- **GIVEN MATERIAL**:
········
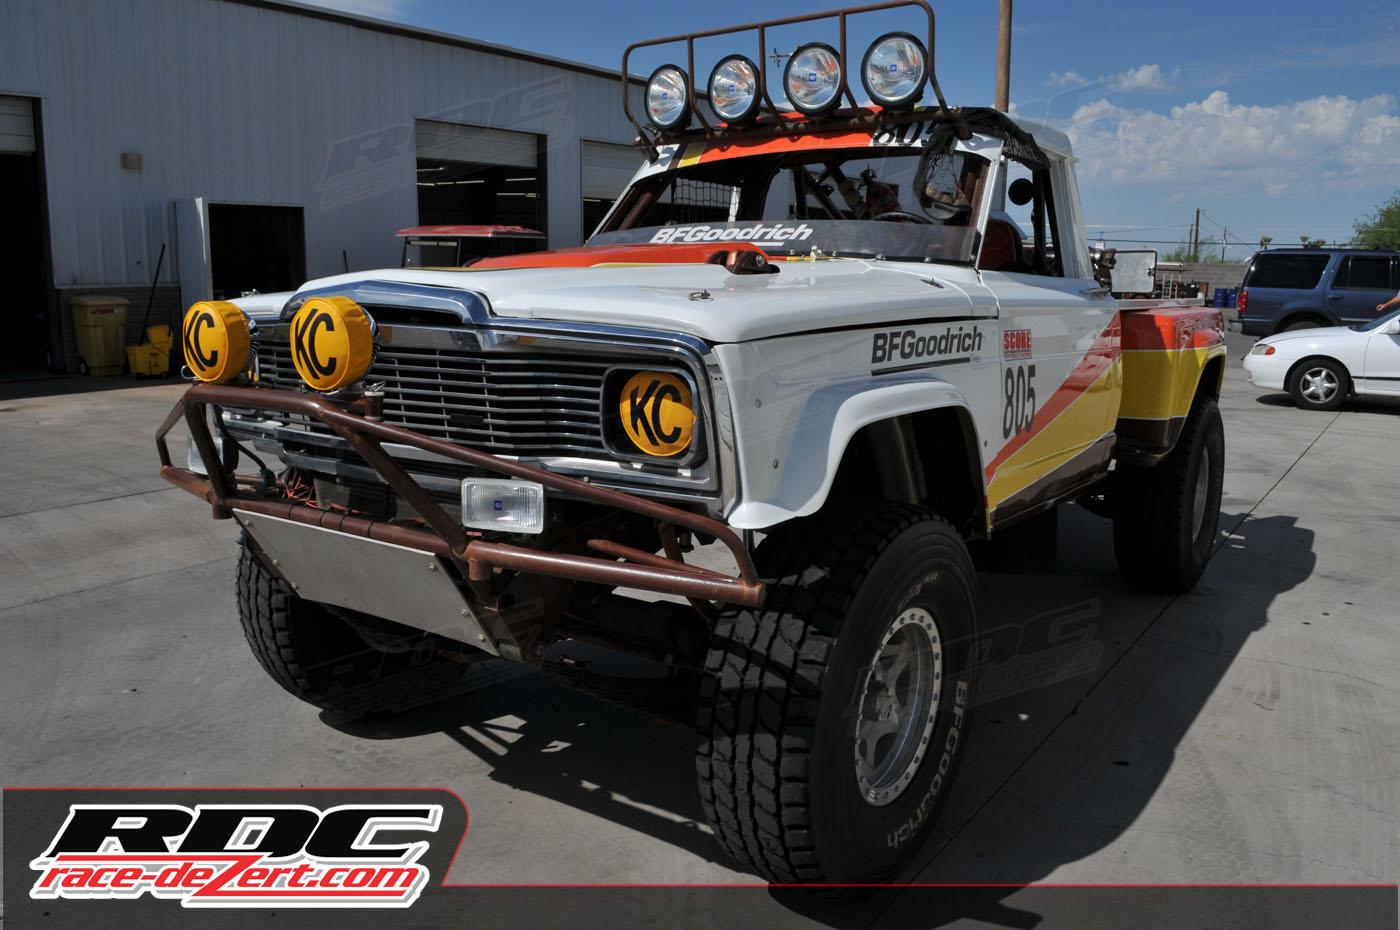 race_dezert_com_feature_jeep_004.jpg
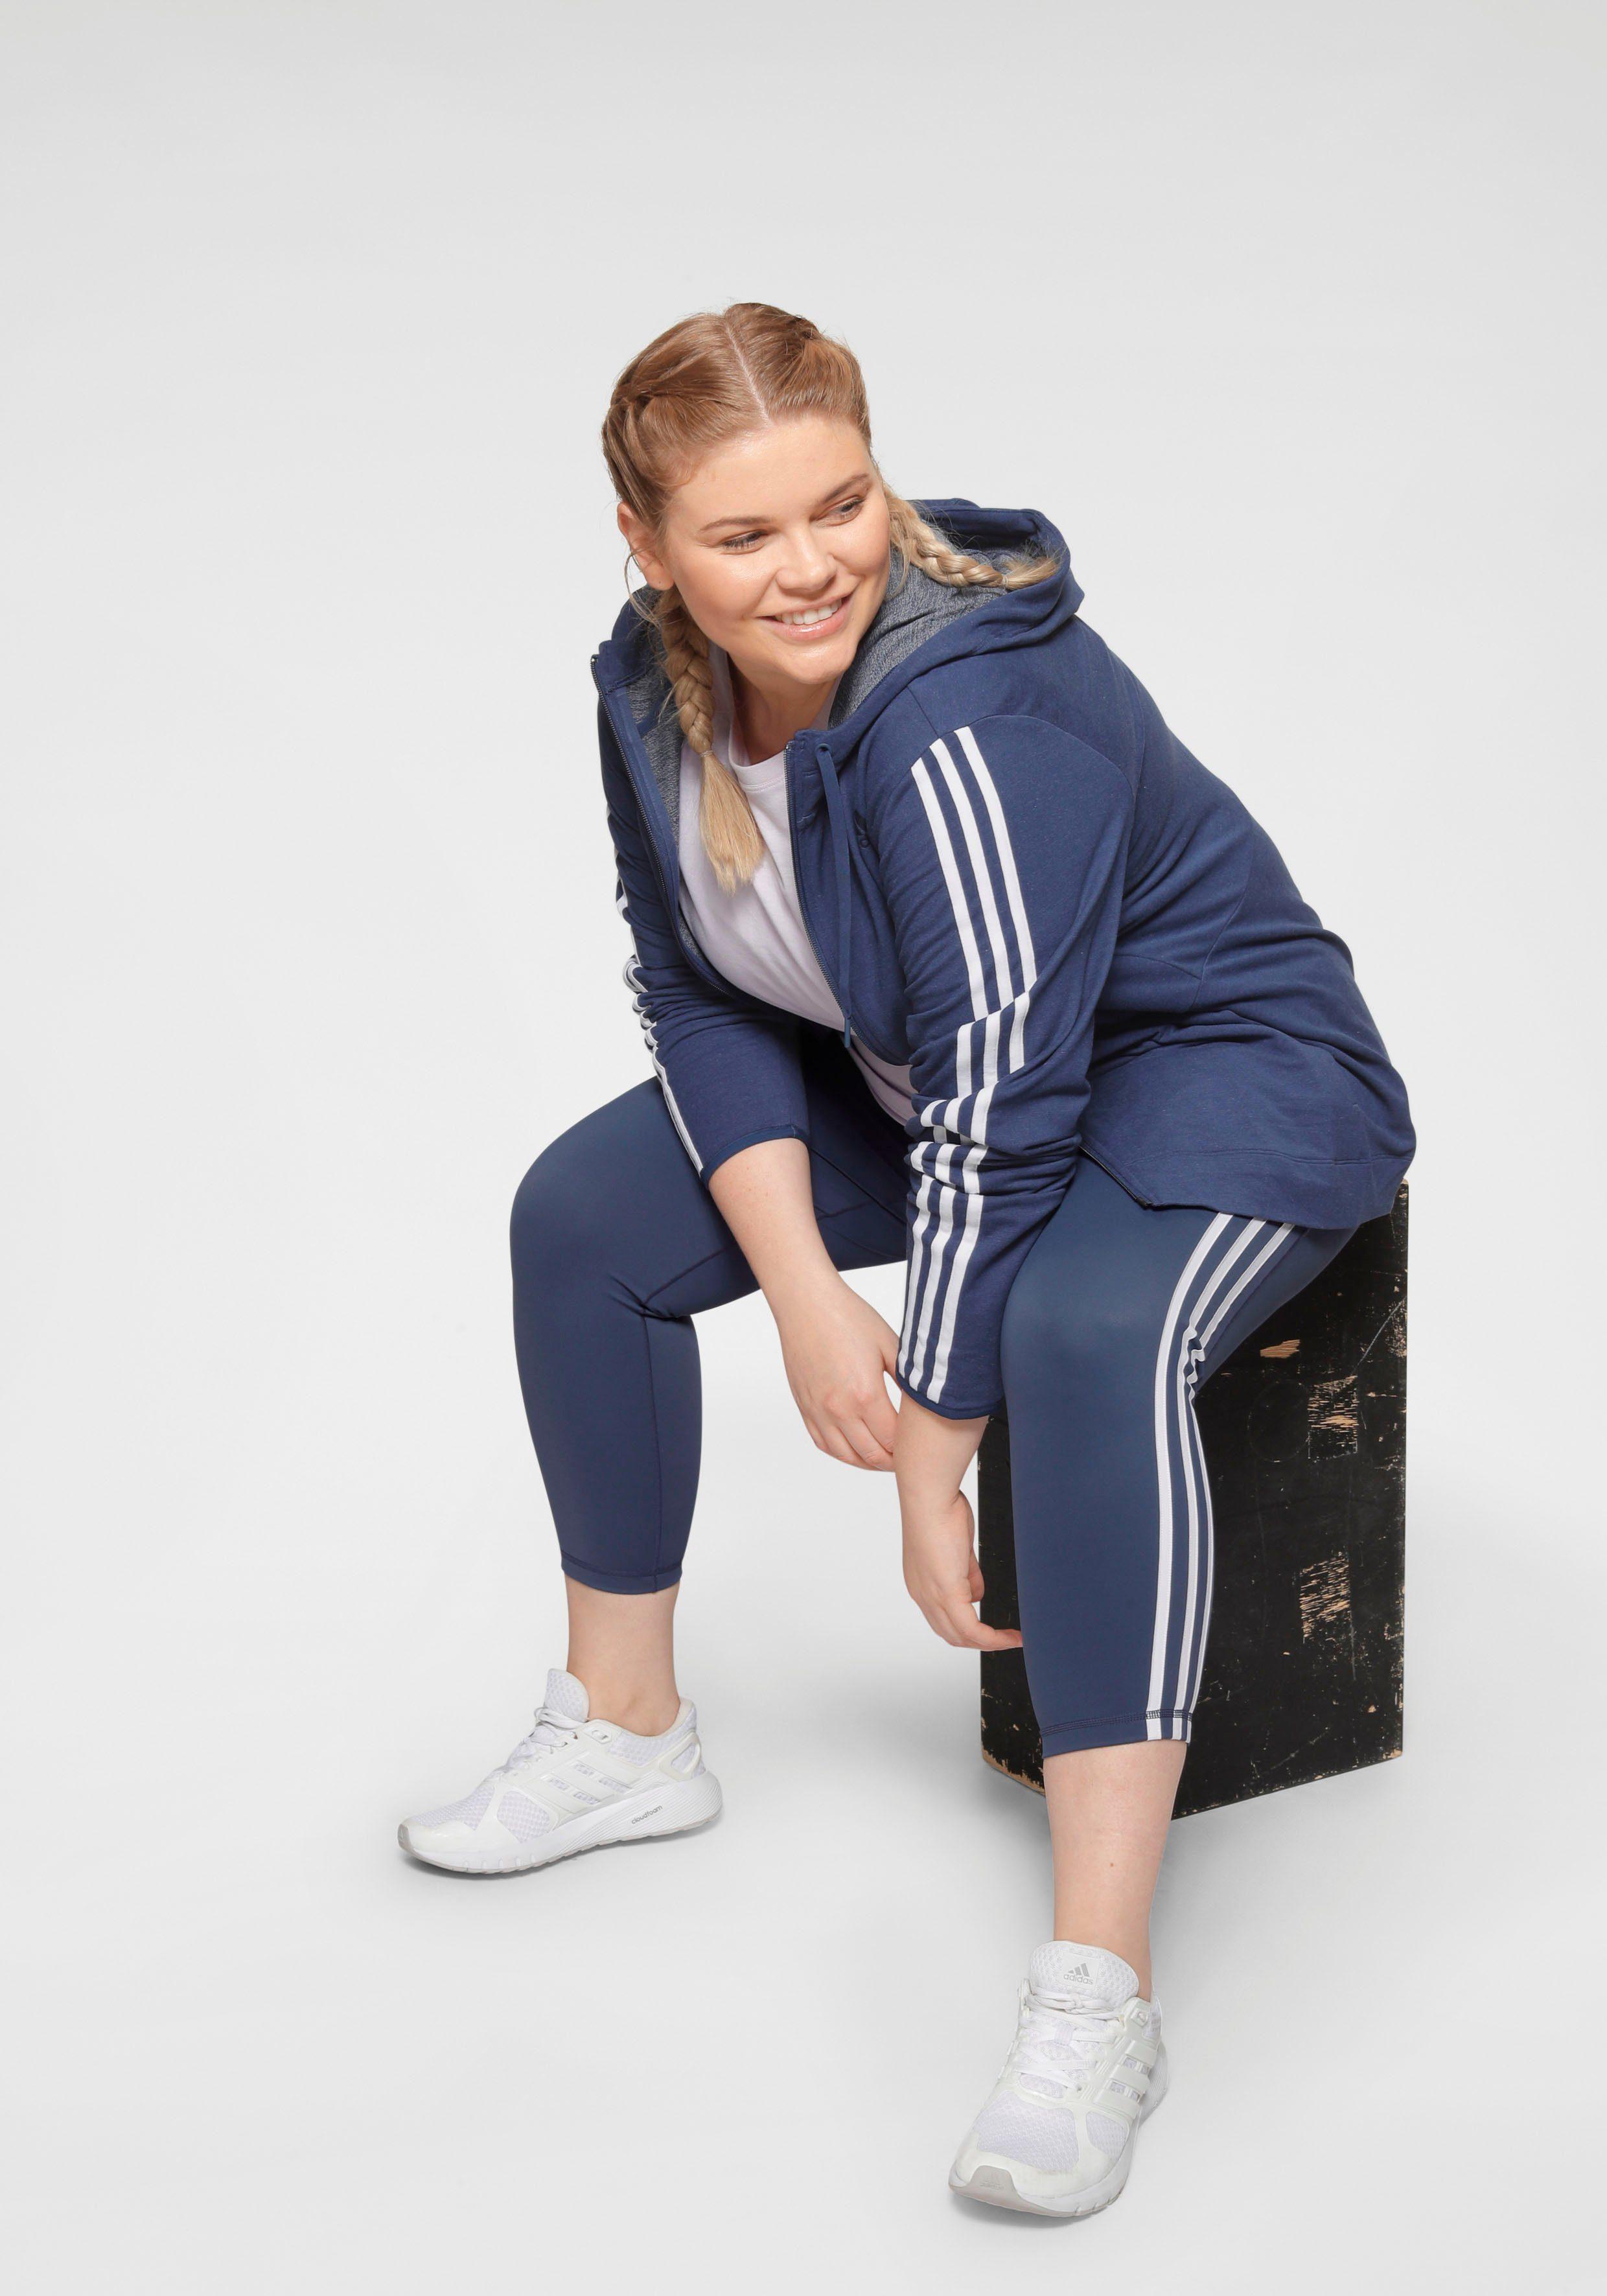 adidas Performance Kapuzensweatjacke 3 STRIPES KNIT FULLZIP HOOD online kaufen 4rWqA4
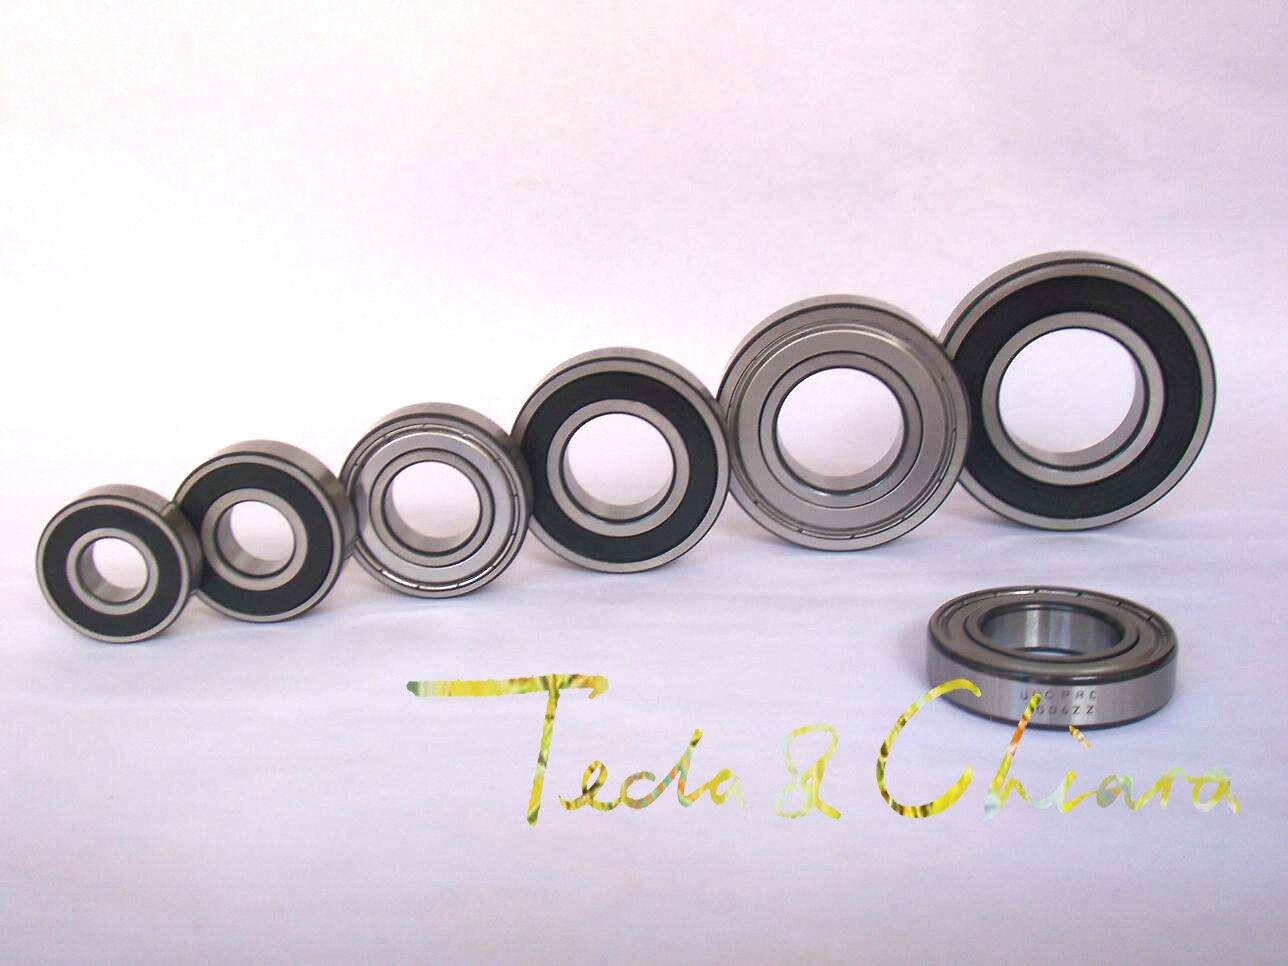 6803 6803ZZ 6803RS 6803-2Z 6803Z 6803-2RS ZZ RS RZ 2RZ Deep Groove Ball Bearings 17 x 26 x 5mm High Quality 50pcs 689 2z zz deep groove ball bearing 9 x 17 x 5mm
········
- **WORK REQUEST**: Locate the line containing "adidas Performance Kapuzensweatjacke" in the material above, then repeat it and every later line exactly, with no pictures.

- **RESPONSE TO THE EXERCISE**:
 adidas Performance Kapuzensweatjacke 3 STRIPES KNIT FULLZIP HOOD online kaufen 4rWqA4
 6803 6803ZZ 6803RS 6803-2Z 6803Z 6803-2RS ZZ RS RZ 2RZ Deep Groove Ball Bearings 17 x 26 x 5mm High Quality 50pcs 689 2z zz deep groove ball bearing 9 x 17 x 5mm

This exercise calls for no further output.